The episode had lots of the one-liners and funny moments. Eric calling Sookie “Snooki.” Keep him away from South Park, Sookie, unless you want him to think you want SMOOSH SMOOSH. You know you do… We also liked these lines: “What does he think this is, Nazi Germany? He did look kind of Aryan.” We’ve decided to find Arlene’s devil baby funny rather than silly. The baby enjoying Jessica’s evil doll was hilariousity. Tommy as Maxine’s new son needs to last a little while. At least she’s teaching him how to read! We'd grouse about Tommy's plan to steal from his new Mommy, but it's expected. The characters on this show often do atrocious things like that.
We have to mention Jason now. We were eating pasta when we first saw him, and seeing his ruined chest and the panther hicks eating meat off of bones totally ruined our dinner. Crystal was never a great person, or even a fun girl. But OF COURSE Jason would fall for her. Mysterious + beautiful + needing protection + hard to get/forbidden = SPROING. Even if she is just God-awful. And she is. Crystal raped Jason to get a baby, and with that, he was finally over her. There was a whole line of girls out waiting to get them a baby daddy as well. This plan will probably succeed, because you know their breeding problems stem from inbreeding. It seems like guys would like a bunch of girls to rape him, but we know from this case, they don’t.
Crystal is not the only woman running all over her guy. She’s just the creepiest/rapist one. Jessica brainwashed Hoyt into forgetting she’s a cheater. Alcide is with Debbie, so Sookie can’t have sex with him yet. Remember Debbie? She was Alcide’s V-addict ex who tried to kill Sookie. She’s clean and sober now, AND she’s found Jesus. Well, praise the Lord. NOT. Look, when addicts find Jesus in real life, that’s more than fine with us.

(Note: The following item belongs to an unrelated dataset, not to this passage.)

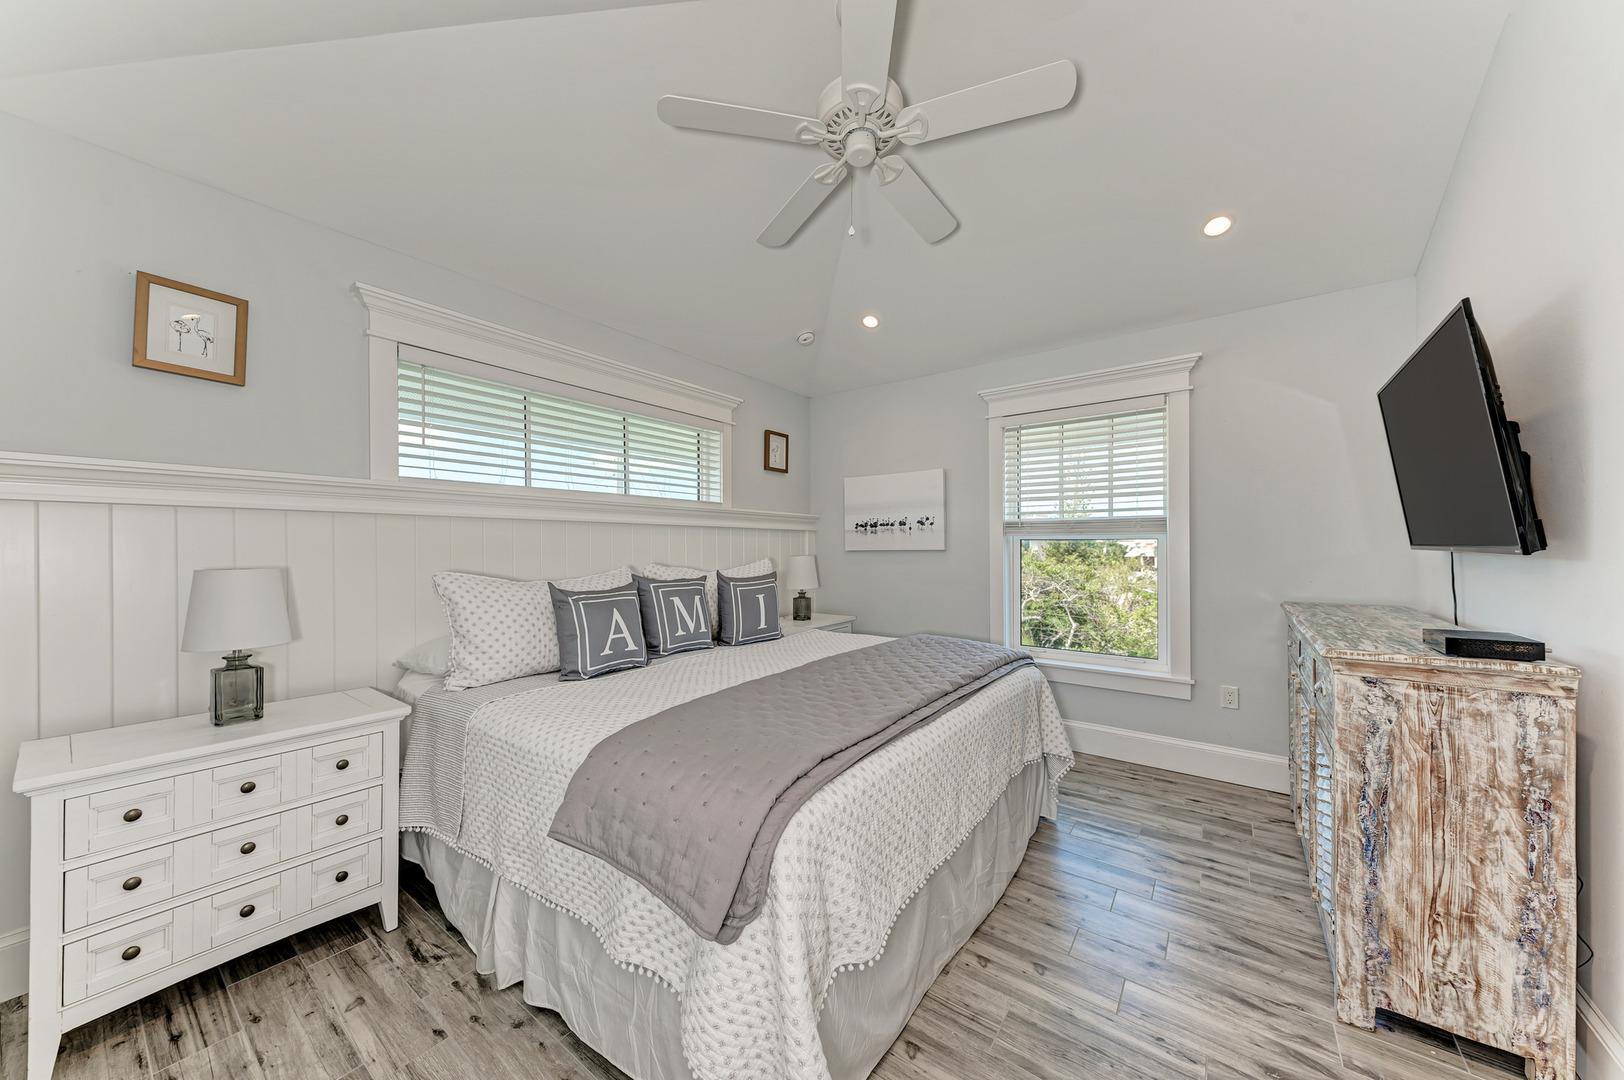 4 Sandpipers 2nd master bedroom view from doorway
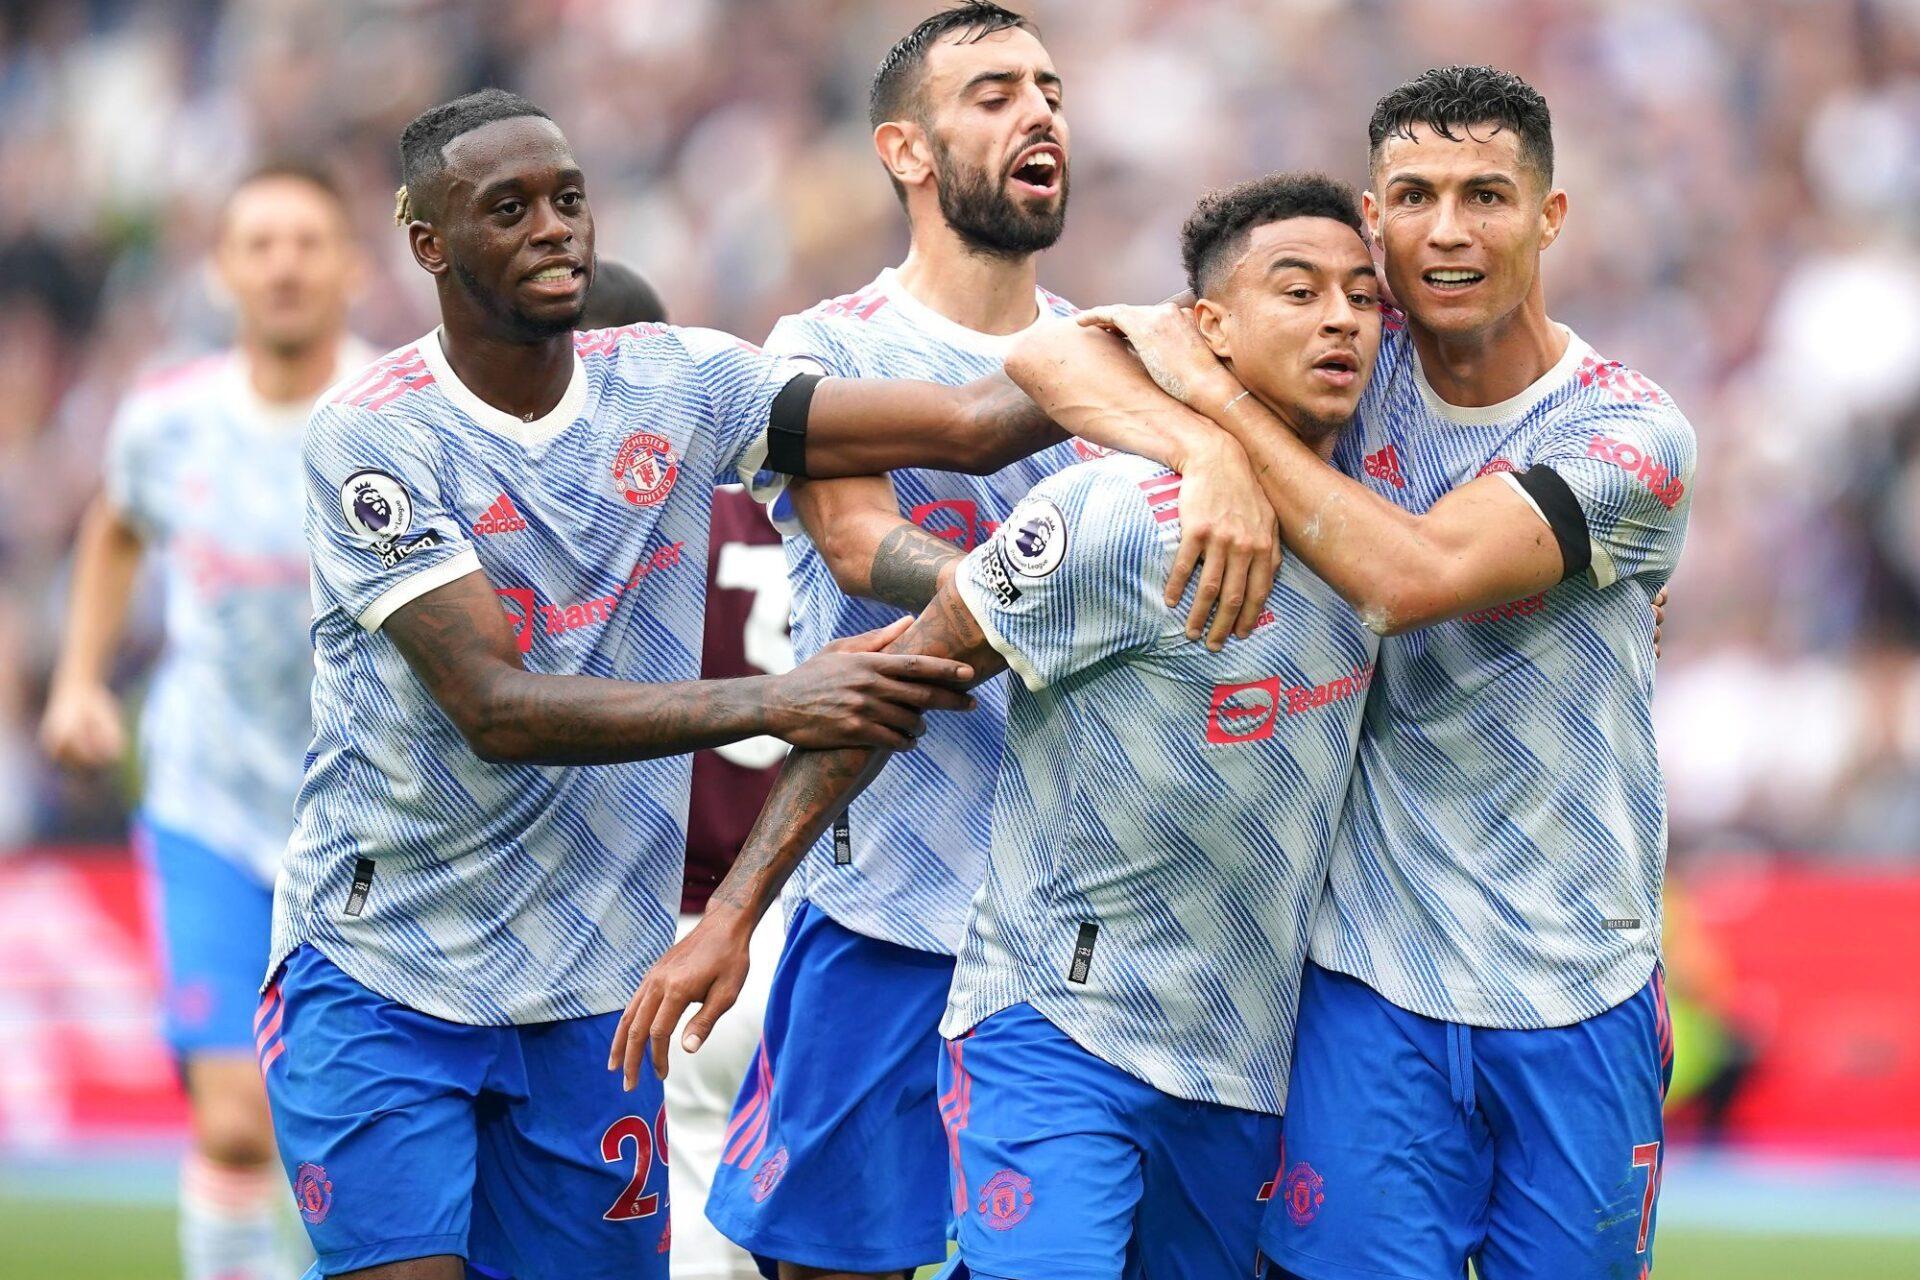 Jesse Lingard a inscrit le but vainqueur pour Manchester United à la 89e minute. Icon Sport

When they find Jesus on our TV shows, that ruins a perfectly good TV show. Bring back psycho murdering Debbie! Even after all she put him through, Alcide took her back. Most guys would be done with that. Maybe that’s why he’s never had sex with Sookie. Noooo balls.
Bill is much more interesting now. His new PR tactic is to kill everyone who makes the vamps look bad on YouTube. That wasn’t exactly what they taught this blogger in her college major (PR), but we have to admit, that sounds effective. We like hard-core Bill. Half of the problem with Bill was the pathetic look on his face and what a poontang he was. That’s gone. He and Jessica have a sweet relationship now, too.
Portia and Bill had sex after she pretty much threw herself at him. He was into it, as long as she was ok with him “never loving her.” We think Portia is pathetic and desperate for being into that. No one deserves to settle like that. But we are happy that there is one man in this episode (besides Terry, who is always cool) who knows how to not let his girlfriend totally and completely abuse him. If Bill were human, he’d be enjoying some good sandwiches right now.
Petunia Dursley let some younger spirit woman use her as a conduit while she slit her wrists and offered herself up. What kind of sad freak would do that?
People who need to die update: Andy.